Tackling the criminalisation of politics

The Supreme Court of India has recently called out the central government on the issue of the growing criminalisation of politics in India and how to remedy the same.

By Elton Gomes

By Poojil Tiwari 

A Supreme Court bench comprising of Justices Ranjan Gogoi and Naveen Sinha instructed the Centre to put in place special courts for the speedy trial of criminal cases involving politicians. The apex court has asked given the government six weeks to provide the framework for the special courts and has ordered the next hearing on December 13. The court has also asked for details including the clearance rate of the 1581 cases filed against Members of Parliament (MPs) and Members of Legislative Assemblies (MLAs) as per data recorded in 2014.

Court calls out centre

Hearing a petition filed by Bharatiya Janta Party (BJP) leader Ashwini Upadhyaya, the apex authority reiterated the need for decriminalisation of Indian politics.
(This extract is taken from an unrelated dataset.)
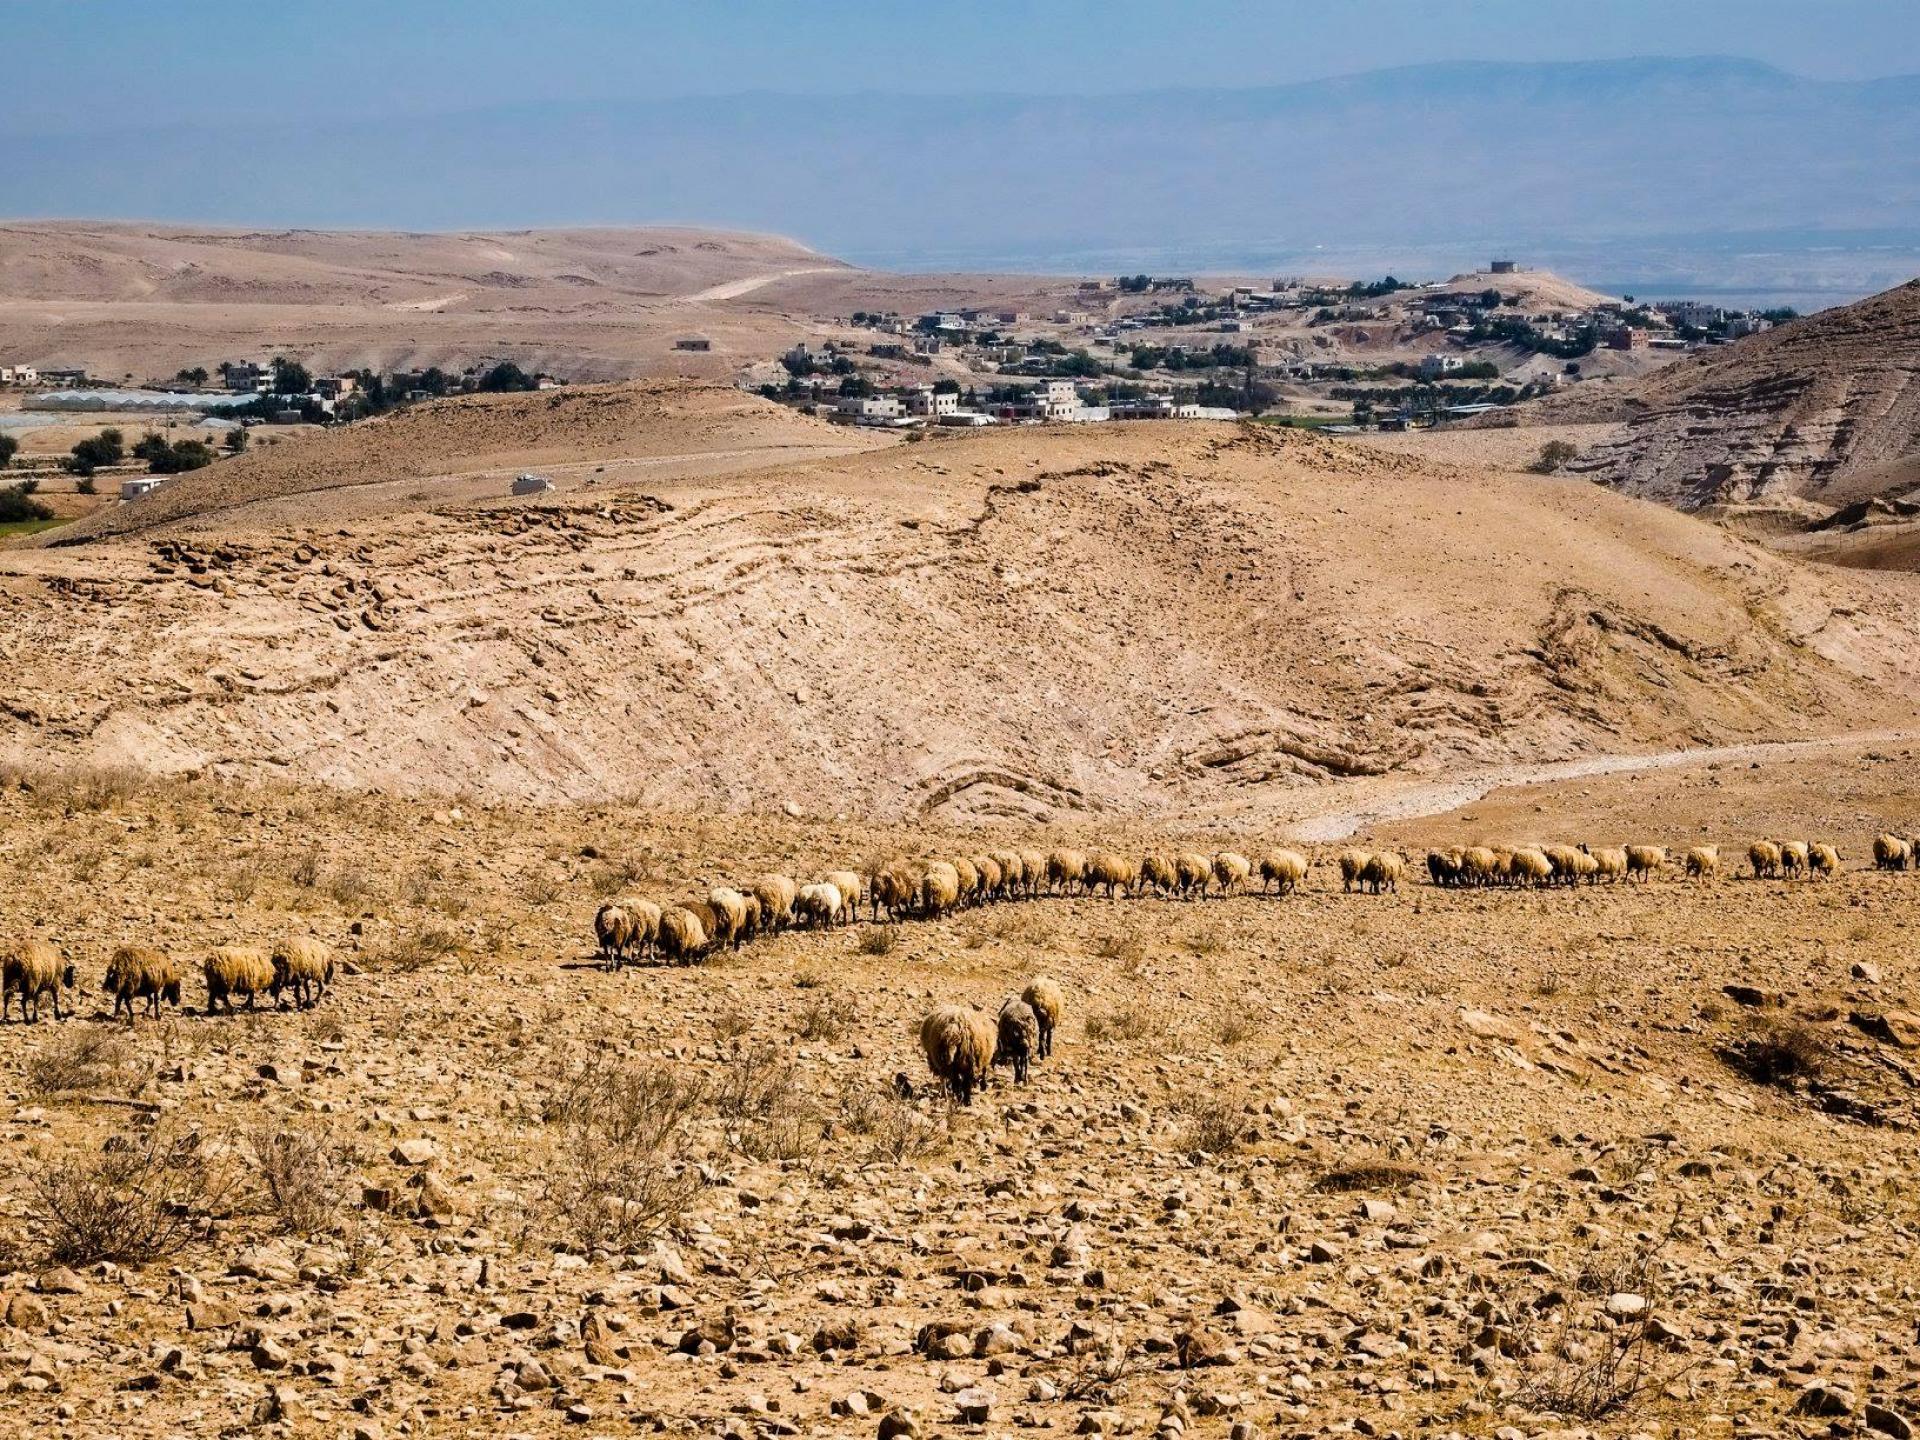 דרום בקעת הירדן: עדר כבשים פלסטיני

Calling out the central government for its laxity on the issue, Justice Gogoi said, “You say you have no opposition to fast track courts. Same time you say states have to set up the mechanism for such courts. On one hand, you are making a commitment and at the same time, you are washing your hands off.” The Court’s judgement echoes its 2013 statement, where it had said that while they do not want criminals to enter the portals of the legislature, such a process cannot be ensured without legislation.  

Status quo

The Election Commission has in the past, called for a lifetime ban on politicians that have been convicted under the criminal law. However, its stance on a blanket ban has been largely inconsistent. Such a stringent policy is not unheard of in the Indian law. In the judiciary and the executive, a person is immediately suspended and is prohibited from holding any office in the future if they are found guilty of a criminal offence. At present, 186 of the 543 members elected to the Lok Sabha have been charged with criminal cases. In a large number of instances, the cases are dropped entirely as the charges have not been proved “beyond reasonable doubt.” Currently, only politicians that have been convicted and sentenced to a jail term of two years or more are barred from participating in elections under the Representation of People Act, 1951. Furthermore, this ban only exists for six years from the date of their release from the prison.  

Tackling the problem

The problem of rapid criminalisation of politics corresponds with the larger problem of a slow judiciary. Thus, the problem lies on two levels: lax laws regarding the participation of convicted politicians in elections and the extensive time taken by the judiciary. The establishment of special courts is bound to solve the latter. Most politicians continue to participate in elections despite ongoing cases or pending trials. Fast track courts, if implemented properly, shall ensure that legally ambiguous candidates do not become a part of the legislature. Moreover, these special courts are expected to function as normal courts once their cases have been disposed off, reducing the burden on the judiciary. While a mechanism such as speedy courts will no doubt aid in the initial vetting of candidates, the overarching problem remains the same. The government needs to reconsider its laws regarding convicted politicians. In particular, the idea of a lifetime ban needs to be observed and its feasibility and implementation need to be debated upon.  The government, however, might possibly be running out of time. With the Supreme Court taking an active interest in this issue, one wonders if a judicial review is on the cards.